Excuse me for a moment while I go off on a tirade. If you’ve ever repeated yourself ad nauseum in front of a judge, you know that this is one of the quickest ways to irk the living $#!t out of her. If you’ve ever been in a lengthy trial, you know that you need to be juggling about 1,001 different things at once. Referring to an earlier-stated objection for preservation should be enough to meet a formal requirement that objections be preserved, particularly if you stated the objection with specificity and clarity the first time around. All due respect, but this is the kind of scrutiny that the weird kid with a magnifying glass applies to ants. You’ve got to be kidding me.
[We now return to our regularly scheduled programming]
At this point, the case is pretty much resolved on procedural grounds. But because there’s some confusion about the nature of an implied contract of employment, the majority addresses the issue. An employee hired for an indefinite period is an at-will employee. An employer’s inconsistent-with-at-will-employment policies and practices can modify that arrangement and create an implied employment contract.
Plaintiff’s theory, as the SCOV majority articulates it, “is that once the at-will status of an employee has been modified by an implied contract, a switch is flipped as to the proper grounds of termination for that employee, and termination is henceforth subject to a ‘just cause’ requirement.” Defendant’s theory is that the terms of the implied contract are what control. The SCOV tends to agree with defendant.
The majority first discusses “just cause,” and specifically notes that this is a term generally used in relation to termination of state employees. The majority notes that the plaintiff’s flip-switching construct would have the effect of making any variation of an at-will situation disproportionate. In effect, it would impose the same standard required to terminate state employees on private employers. This, the majority explains, would be fundamentally unfair to employers. As such, the standard must be according to the terms of the implied contract. If that sounds confusing, don’t worry: the majority explicitly acknowledges this will not be the last case to struggle with the vagaries of at-will employment and implied-employment contracts.
The majority explains that the SCOV has “created confusion with our sloppy word choice in past decisions, jumping between ‘cause,’ ‘good cause,’ and ‘just cause,’ to the chagrin of litigants and judges alike.” In an effort to clarify, the majority explains that “cause,” “good cause,” and “just cause” generally mean the same thing — better than no reason. The exception is that “just cause” is a term of art when used in the state employee collective bargaining context.

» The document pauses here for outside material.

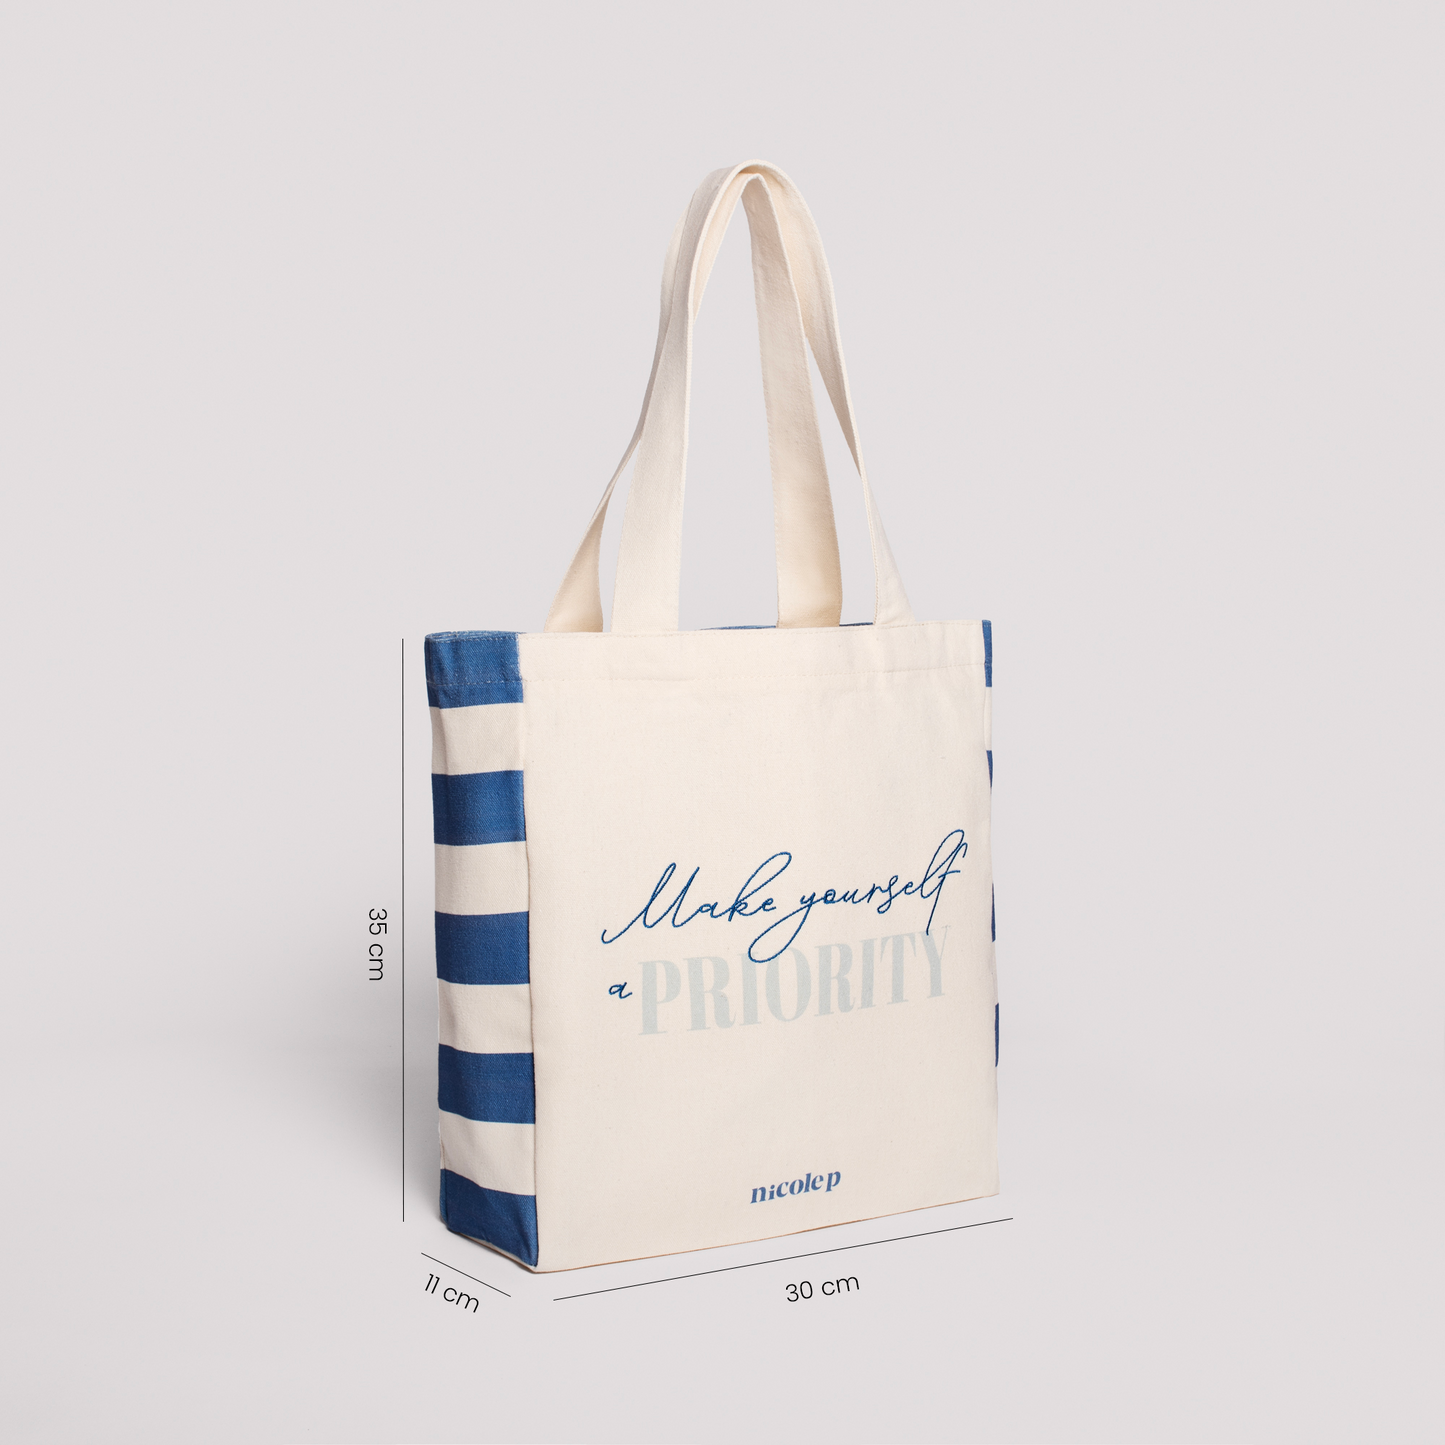 Santorini - small tote bag

The majority neglects to mention that “just cause” is also the name of a popular PlayStation® 3 game, but that’s OK.
The majority’s analysis ends by stressing the narrowness of the issue. Because plaintiff failed to effectively object to any of the language of the charge and only argued that it should’ve had more language, the majority doesn’t consider any claims that the substance of the charge contained reversible error.

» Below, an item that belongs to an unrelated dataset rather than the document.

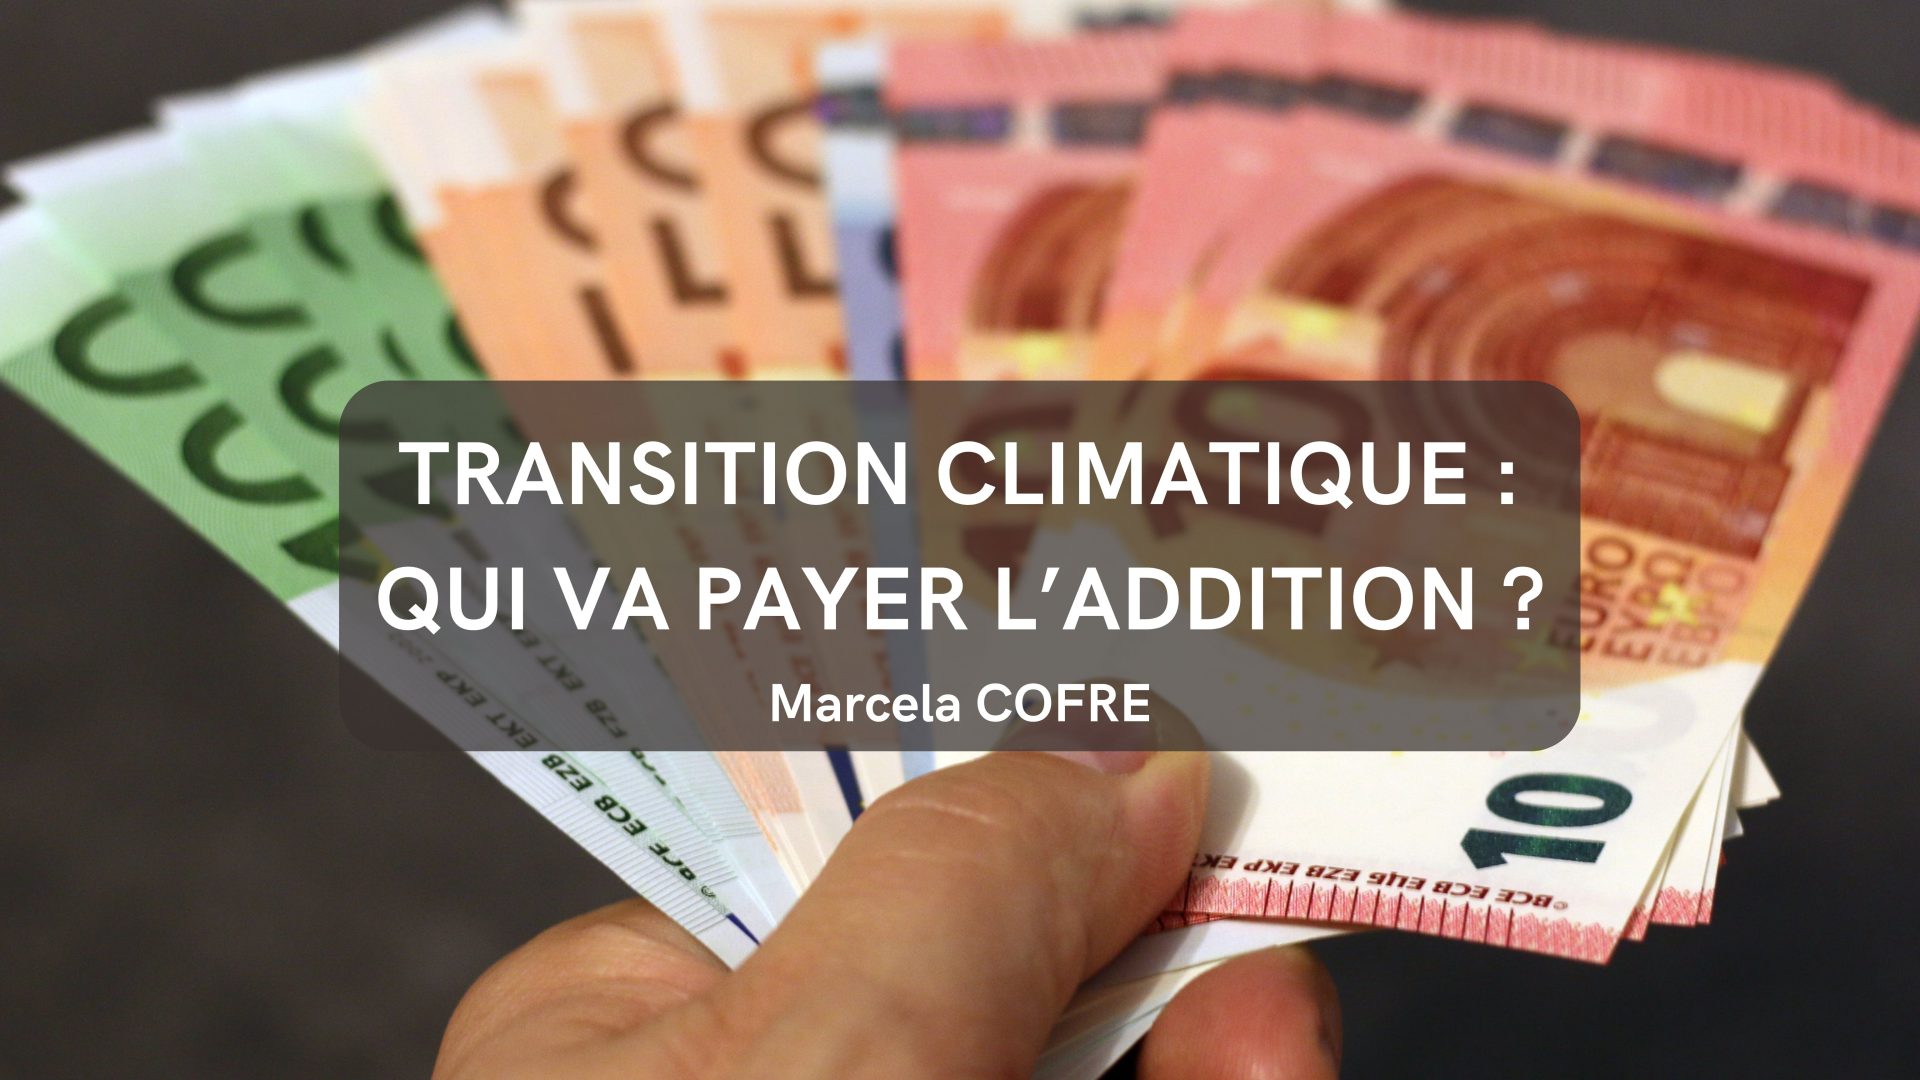 Transition climatique : qui va payer l’addition ?

Justice Robinson concurs in the merits, but dissents on the preservation issue. As the dissent views it, the “purposes of the rules of civil procedure and the practical realities of trials” dictate a more-flexible approach.

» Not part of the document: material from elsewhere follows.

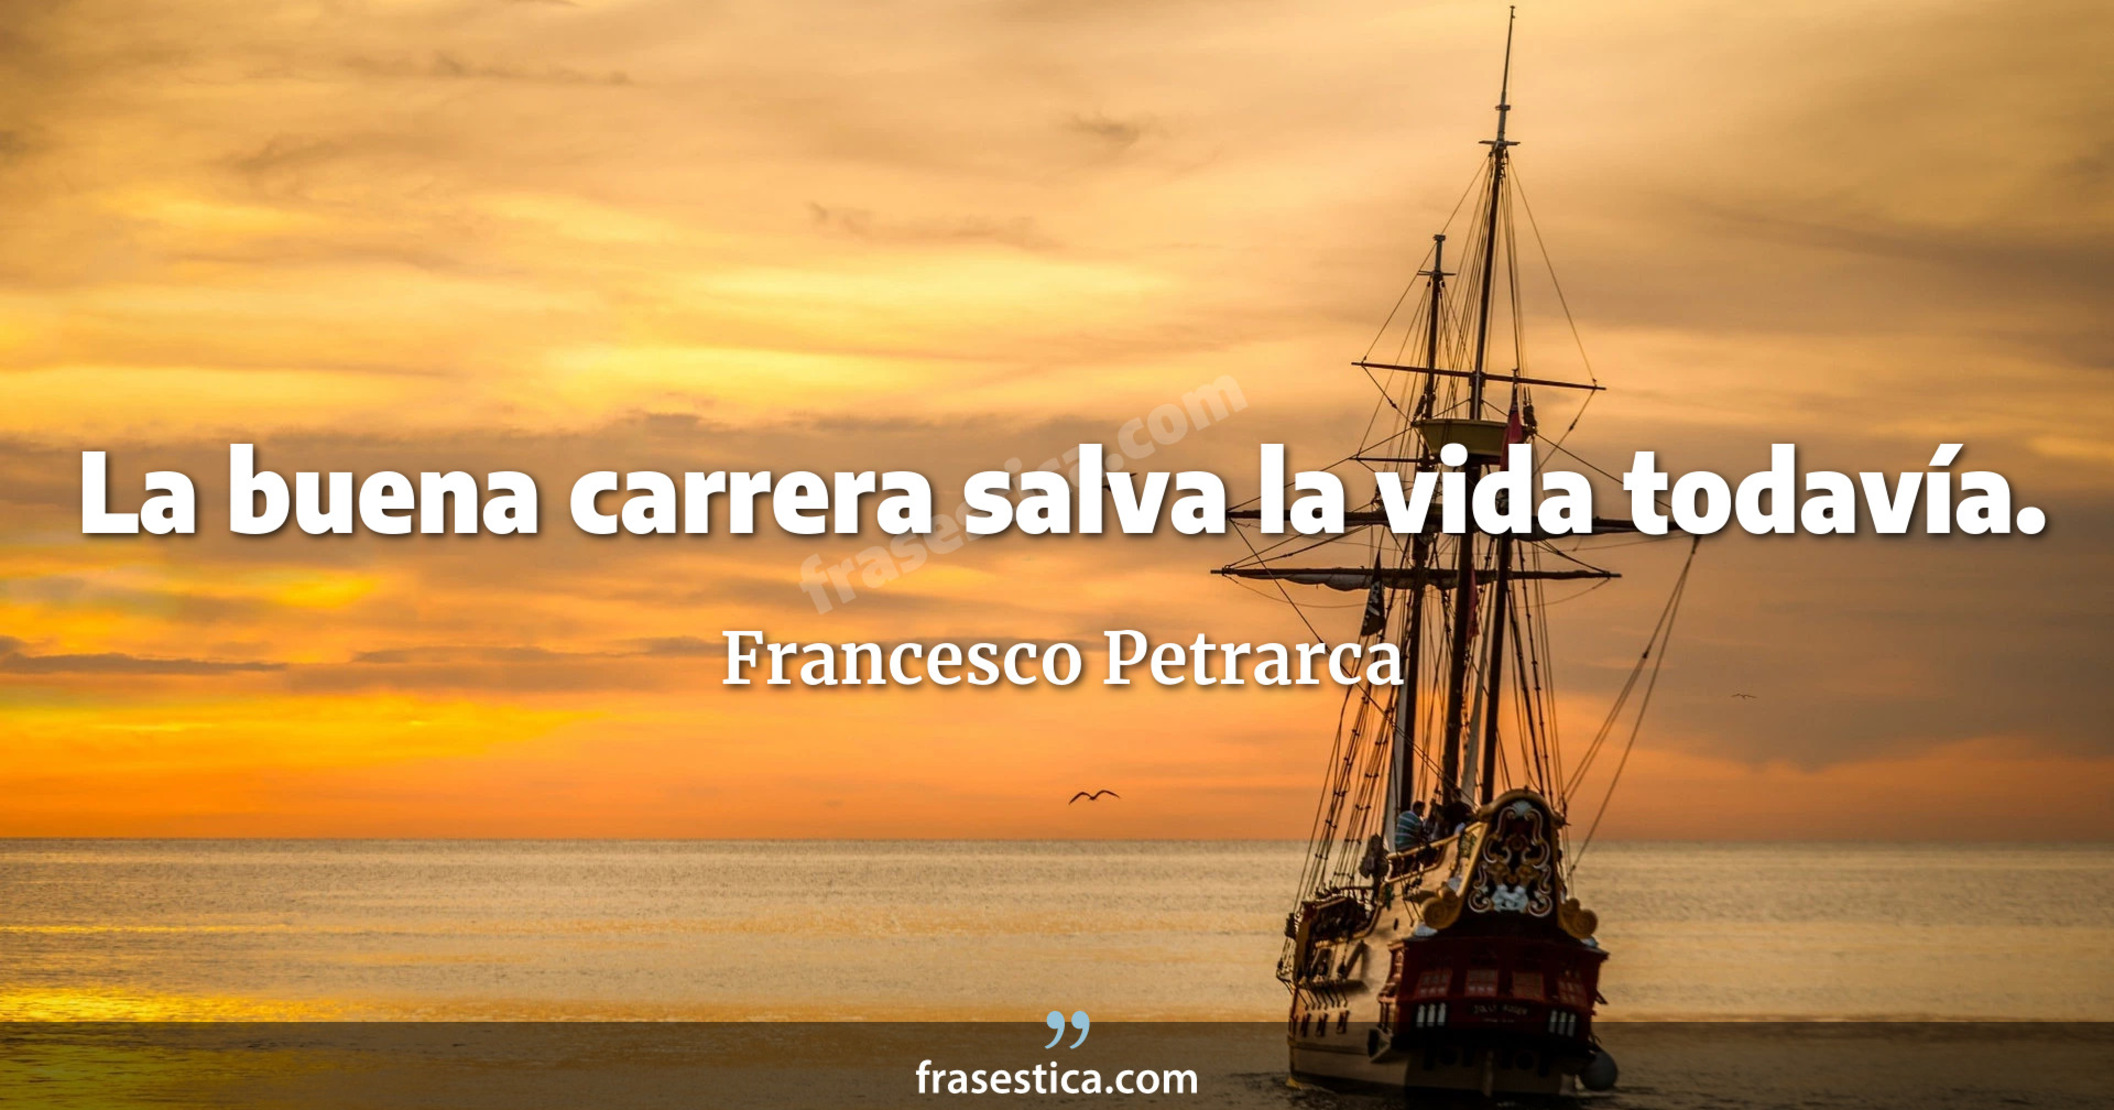 La buena carrera salva la vida todavía. - Francesco Petrarca

As the dissent notes, the arguments on the objection have usually already been made once. The majority’s approach requires counsel to make the same argument again, which is inefficient and redundant. The primary purpose “of the post-charge objection requirement is to give the trial court ‘one last opportunity to avoid an error.’” As the dissent sees it, restating an already made objection in short form certainly gives the trial court that opportunity. The rigid application of the distinctly-stated-post-charge-objection requirement does not serve the underlying purpose of the rule.